The typhoon is forecast to churn northeast through the Japanese archipelago at a speed of 30 kilometers per hour, the agency said, adding that it may reach the Kanto region—which includes Tokyo—late Monday or early Tuesday.
Television footage showed the roof and walls of a house ripped off by gusts in Makurazaki, while huge waves were smashing into breakwaters.
“We are calling on our residents to remain on alert as we are still within the storm zone,” said Naoki Jomori, an official of Makurazaki’s anti-disaster office.
NHK said at least 45 people had been injured in typhoon-related accidents so far, a figure which included the 23 injured as the monster storm pounded the southern Okinawa islands over the weekend.

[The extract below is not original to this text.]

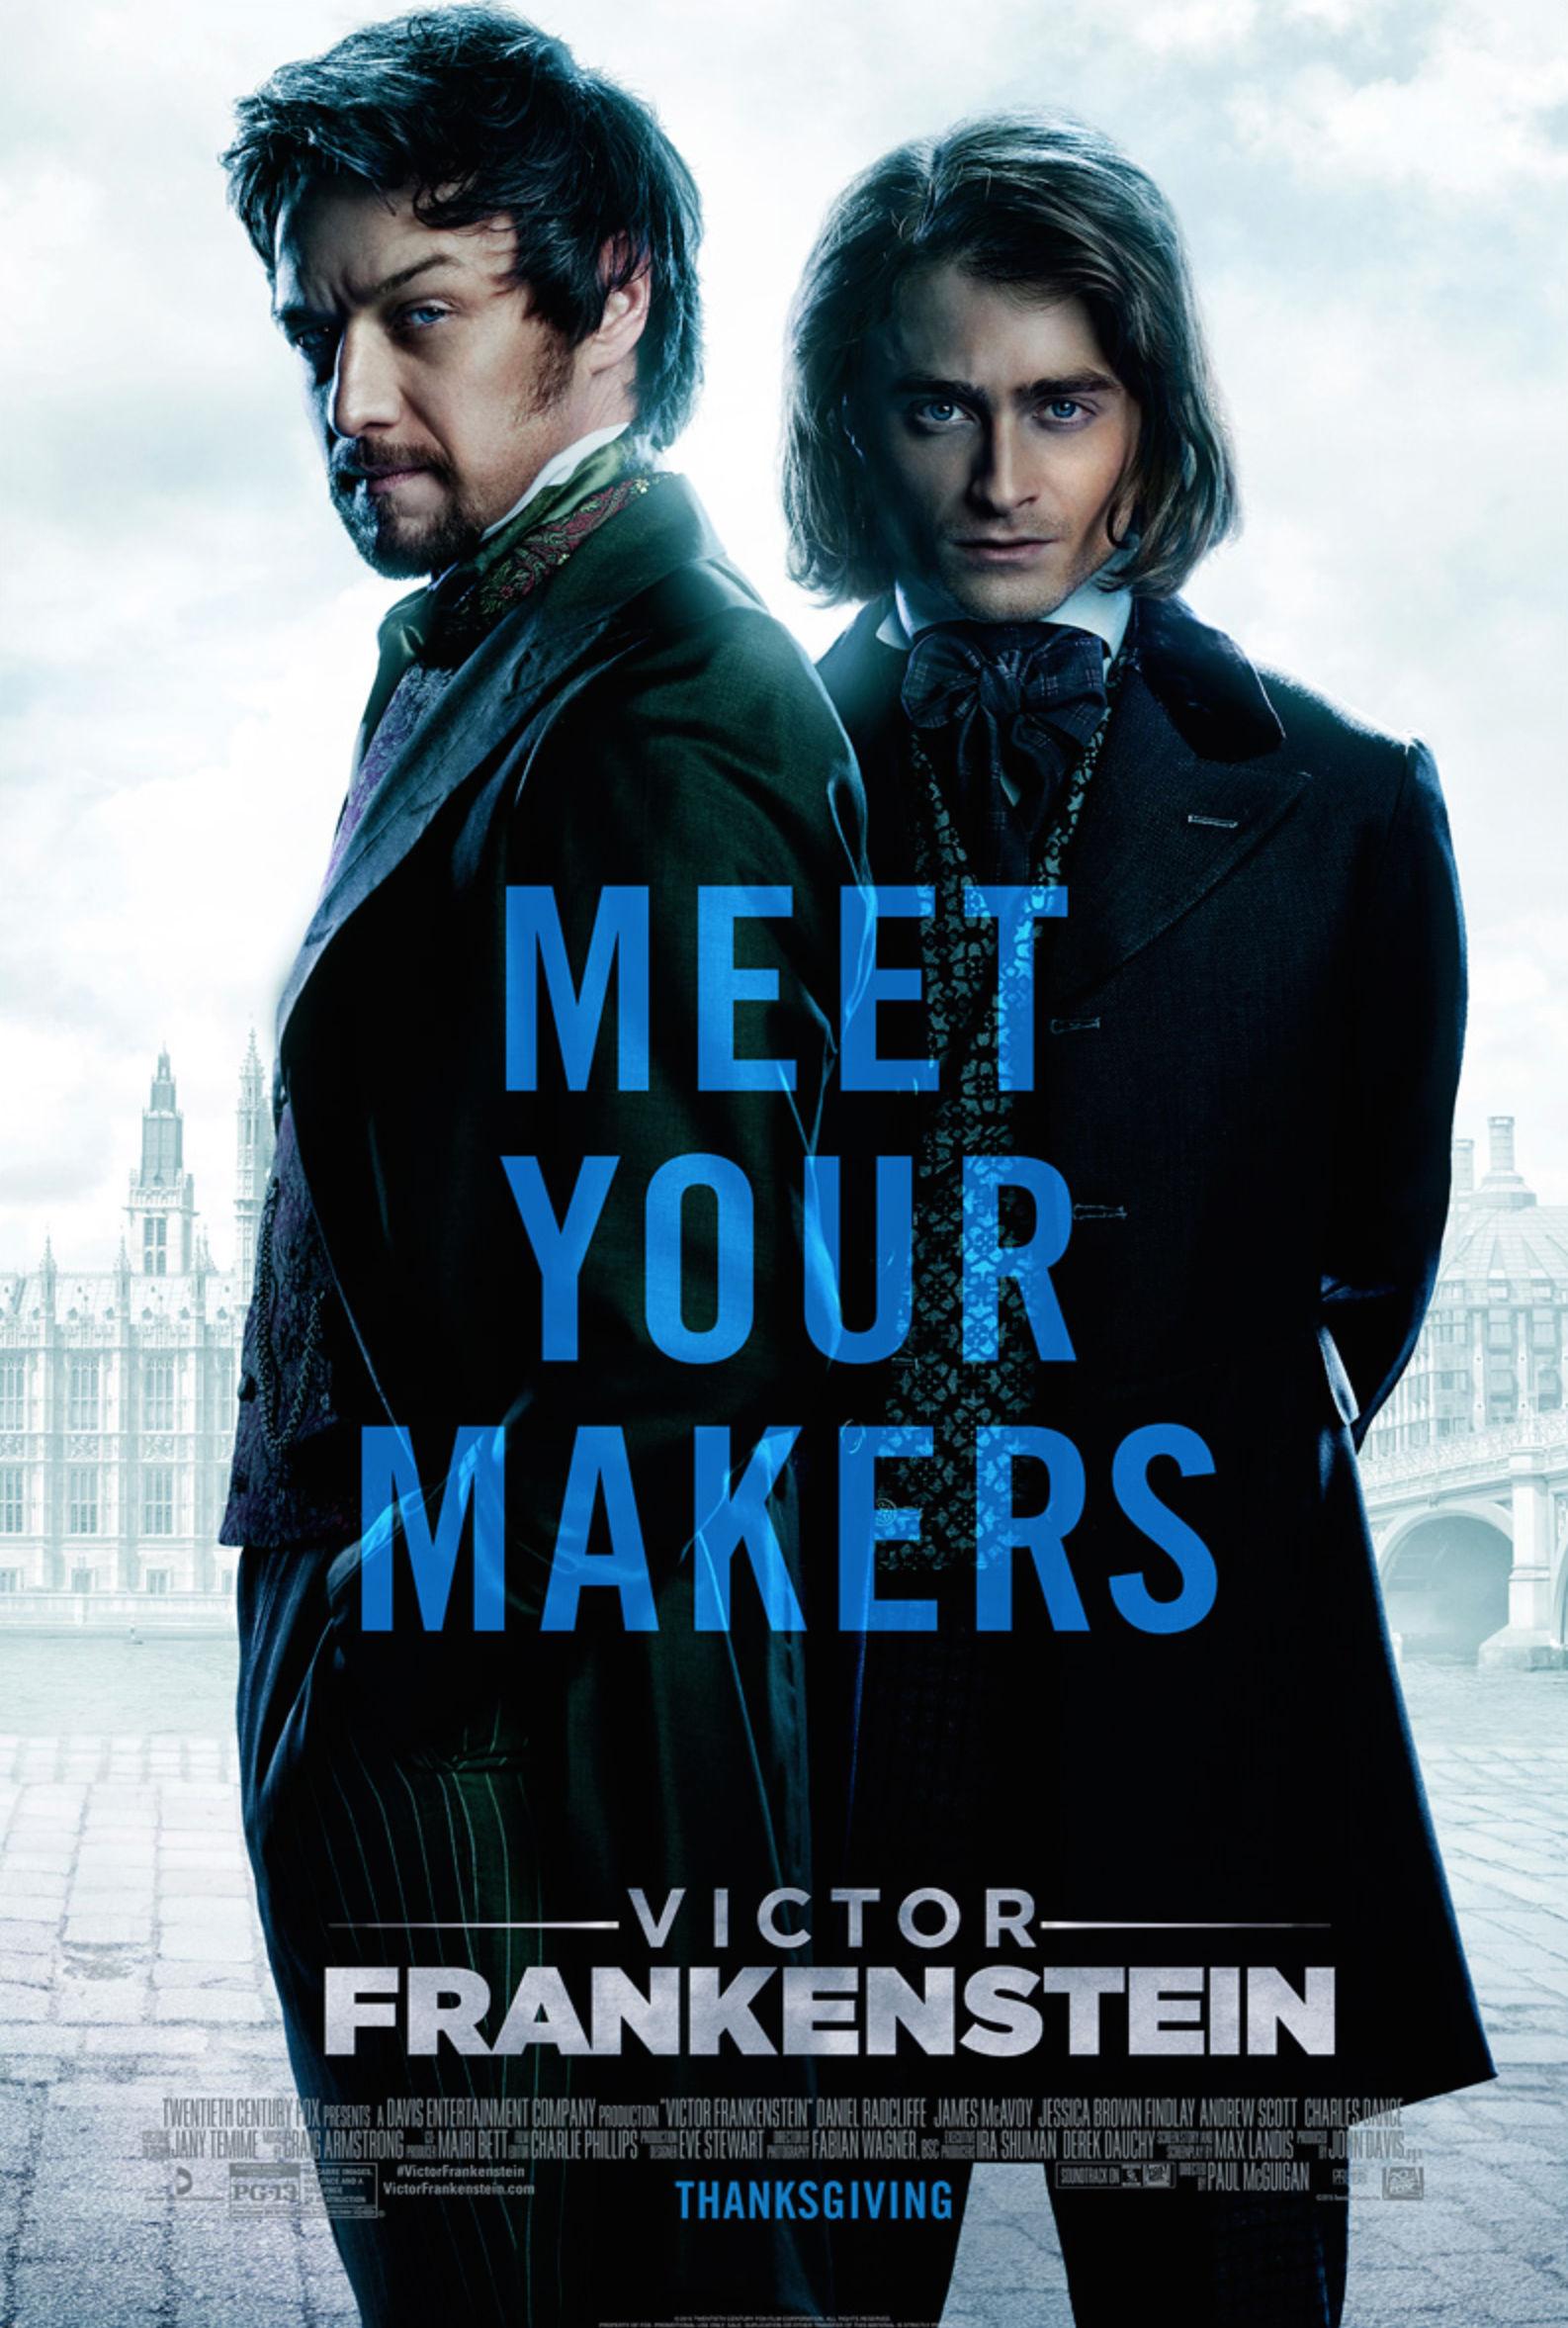 victor-frankenstein-2015-poster.jpg

Local authorities issued evacuation advisories to more than 440,000 residents mainly in southwestern Japan.
In Shizuoka, central Japan, three Chinese people were swept away by high waves triggered by the typhoon on Sunday afternoon as they were fishing on the coast, a local police spokesman said.
“Two of them were rescued safely but the remaining one aged 26 is still missing,” the police spokesman said.
The weather agency warned that landslides, floods, high waves and heavy rains could hit a large swathe of the archipelago, where a relatively wet summer brought numerous landslides, including in Hiroshima where more than 70 people died.
The typhoon also paralysed traffic, stranding thousands of people travelling around the country at the end of a three-day national holiday celebrating health and sports.
Japanese airlines cancelled at least 372 flights, while West Japan Railway said it planned to suspend all local services in the Kansai region, western Japan, later in the day.
The typhoon came just a week after another strong tropical cyclone whipped through the country, leaving 11 people dead or missing.
Due to the storm, the search was suspended for the bodies of at least seven hikers believed to be lying on the still-smoldering Mount Ontake, from where 56 have already been retrieved.